By Ed Fletcher
There was a time in the not too distant past where I would have been happy to sell my screenplay “Pink” for a reasonable price and crossed my fingers in hopes the studio would actually make the movie.
Those days are now gone. After attending American Film Market in Santa Monica this November, I’m convinced that I want to be part of the critical decision making process that takes the script and transforms it into living breathing art. Who directs, who stars and the budget are just a handful of the decisions that can turn a good script into a shitty movie or turn a great script into a timeless work of art.
With more than a decade writing as a professional newspaper reporter, I took up screenwriting in 2011. Not so surprisingly, that’s also when I began producing.

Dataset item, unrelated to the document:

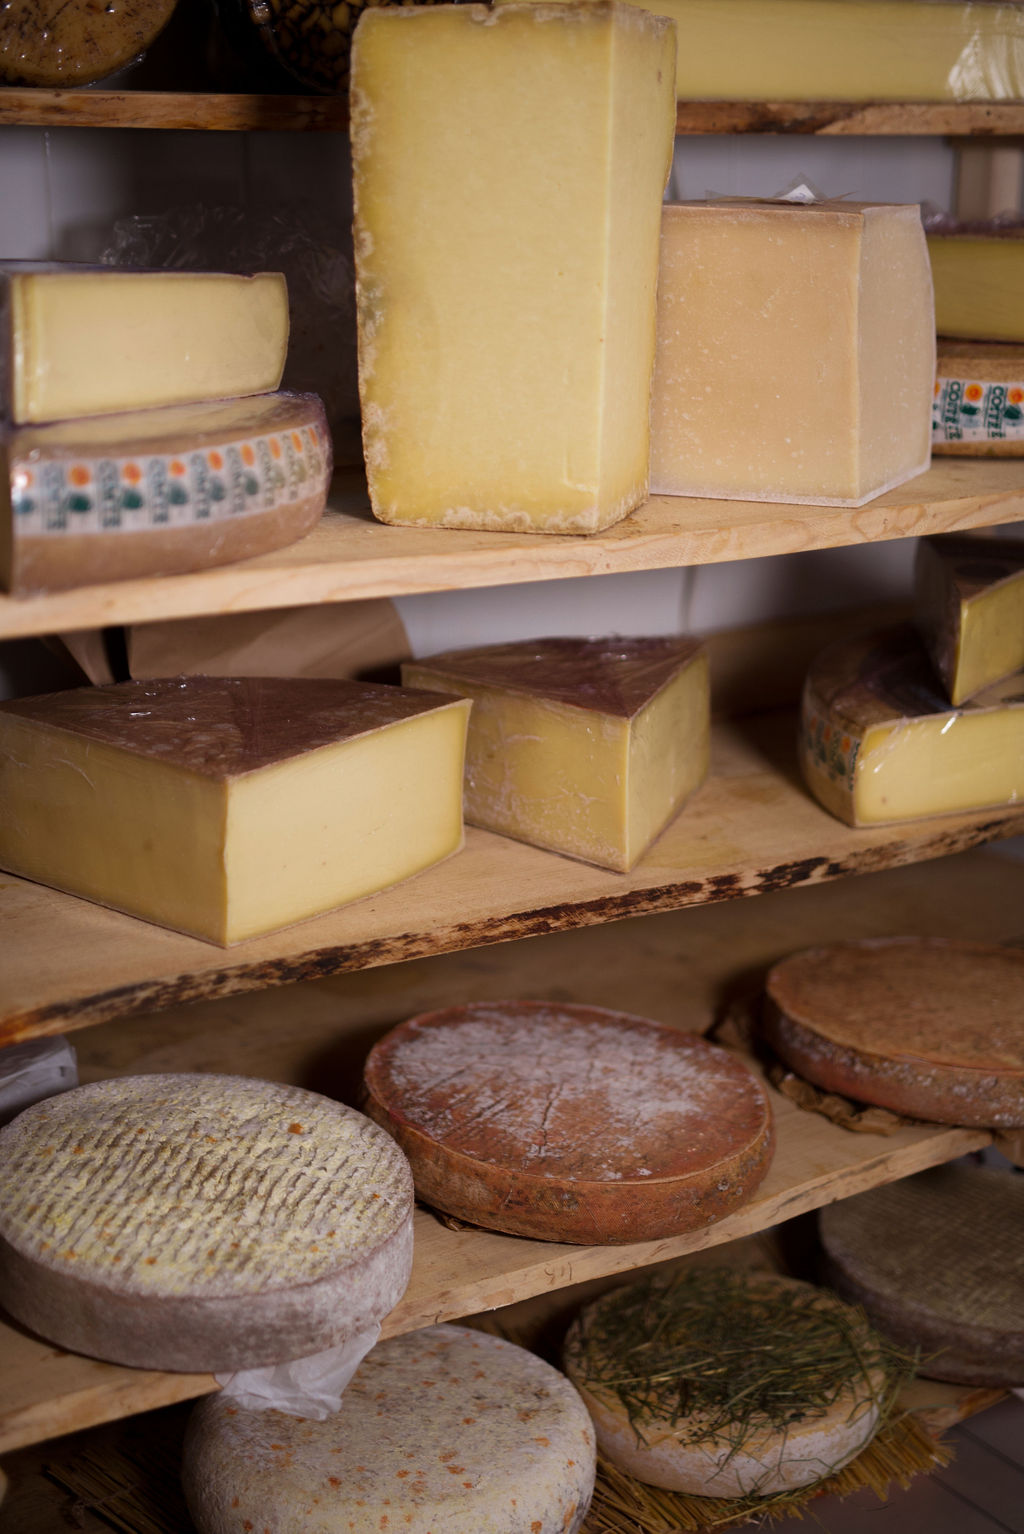 Comment bien conserver les fromages ?

While they’re small potatoes compared to producing a feature, my work on the shorts only illustrated how critical the producer is to the finished film.
After I finished writing “Pink,” my feature length dramatic comedy about Sacramento’s 1969 “bottomless” stripper trial, I very much looked at it as a 50/50 proposition as far as selling it versus producing it. But as difficult the task of producing it is, believe path of an unknown screenwriter is equally difficult and is more passive route, as writer hope to win a screenwriting contest to be even considered by an agent.
With plenty of time to think during the drive home from Los Angeles to Sacramento, I resolved to redouble my efforts. If I want to sit at the big table as a producer, I need to start acting like a producer.
In that spirit I’ve decided to kick off 2015 with a bang. On Jan. 1, I launch my debut short “Dance Step of Death” as free content on Vimeo, after a good run on the Amazon Marketplace.
On Jan. 14 we’re hosting a live screening of my 2014 project “Goldie.”(Yes I know there is something else big happening that night.) The “audience choice” winner of the Sacramento International Film Festival’s “48 hour film challenge,” “Goldie” is an LGBT-friendly dramatic short about a woman trying find her way after making a big life change.
My focus remains on making Pink happen, but by working the mechanics of digital distribution, festival submissions and supporting the projects at festivals I will undoubtedly strengthen my film connections, help build an audience for Pink and earn credibility among investors.